We define an IterableDataset that streams several iterables. When fed to a Pytorch DataLoader with batch_size=None, this streams batches from one worker at a time. This has the effect of enabling parallel streaming.
The StreamLoader is a class built on top of DataLoader, that fuses batches together so batches are always temporally coherent.
Notice that you can also avoid using this fusion and just use a regular DataLoader, and have multiple neural networks indexed by worker’s id.
- class metavision_core_ml.data.stream_dataloader.StreamDataLoader(dataset, num_workers, collate_fn)
Wraps around the DataLoader to handle the asynchronous batches.
- Parameters
dataset (StreamDataset) – dataset streaming multiple iterables
num_workers (int) – number of workers
collate_fn (function) – function to collate batch parts
- cpu()
Sets the StreamDataLoader to leave tensors on CPU.
- cuda(device=device(type='cuda'))
Sets the StreamDataLoader to copy tensors to GPU memory before returning them.
- Parameters
device (torch.device) – The destination GPU device. Defaults to the current CUDA device.
- to(device)
Sets the StreamDataLoader to copy tensors to the given device before returning them.
- Parameters
device (torch.device) – The destination GPU device. For instance torch.device(‘cpu’) or torch.device(‘cuda’).

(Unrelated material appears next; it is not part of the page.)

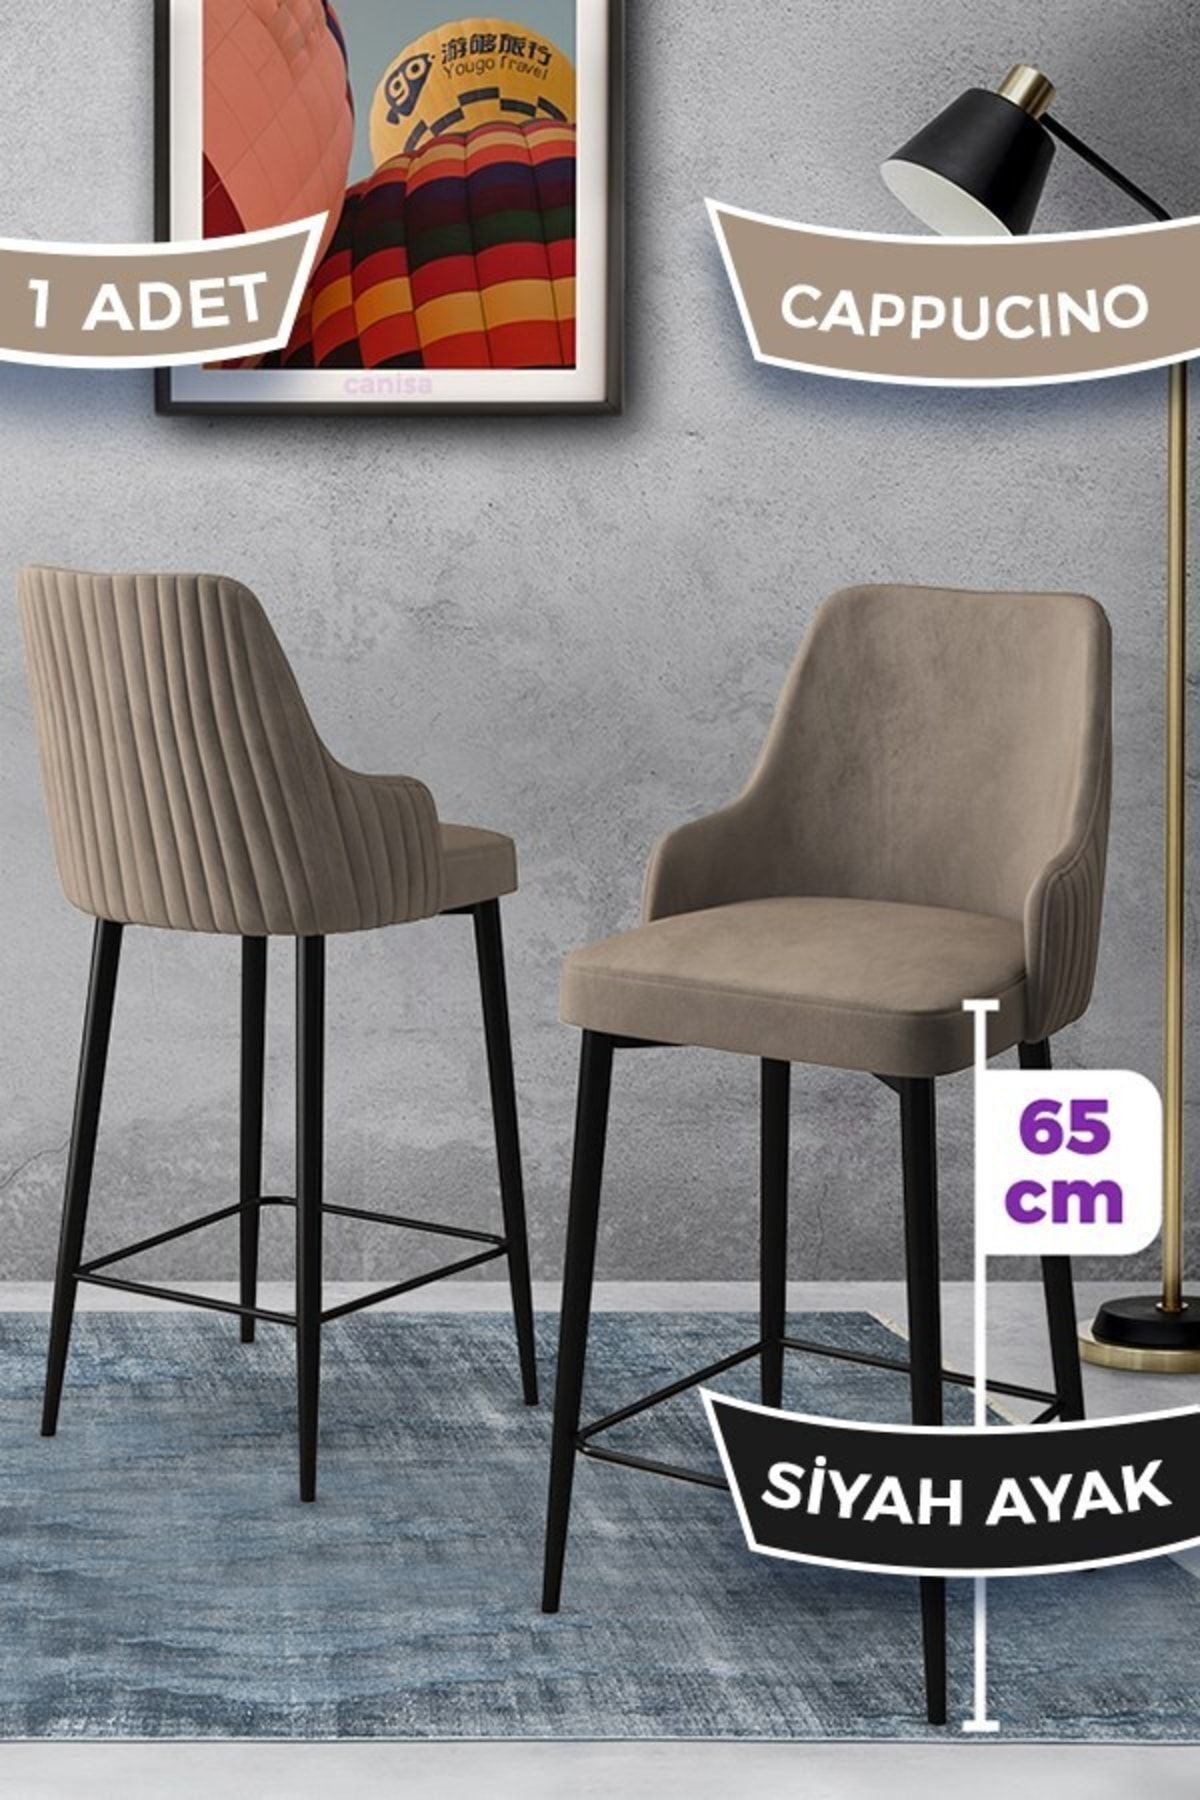 Canisa Tera Serisi 1 Adet 65 Cm Cappucino Ada Mutfak Bar Sandalyesi Babyface Kumaş Siyah Metal Ayaklı

- class metavision_core_ml.data.stream_dataloader.StreamDataset(stream_list, streamer, batch_size, padding_mode, fill_value, seed=None)
Stream Dataset An Iterable Dataset zipping a group of iterables streams together.
- Parameters
stream_list (list) – list of streams (path/ metadata)
streamer (object) – an iterator (user defined)
batch_size (int) – total batch size
padding_mode (str) – “zeros” “data” or “none”, see “get_zip” function
fill_value (object) – padding value
seed (int) – seed integer to make the dataloading deterministic
- metavision_core_ml.data.stream_dataloader.resample_to_batch_size(stream_list, batch_size)
Resamples list to fit batch_size iterators
- Parameters
stream_list (list) – list of streams
batch_size (int) – batch size
- metavision_core_ml.data.stream_dataloader.split_batch_size(batch_size, num_workers)
Returns the number of files to handle per worker
- Parameters
batch_size (int) – total batch size
num_workers (int) – number of workers
- metavision_core_ml.data.stream_dataloader.split_dataset_sizes(stream_list, split_sizes)
Splits with different sizes proportional to the number of files each worker has to handle.
- Parameters
stream_list (list) – list of stream path
split_sizes (list) – batch size per worker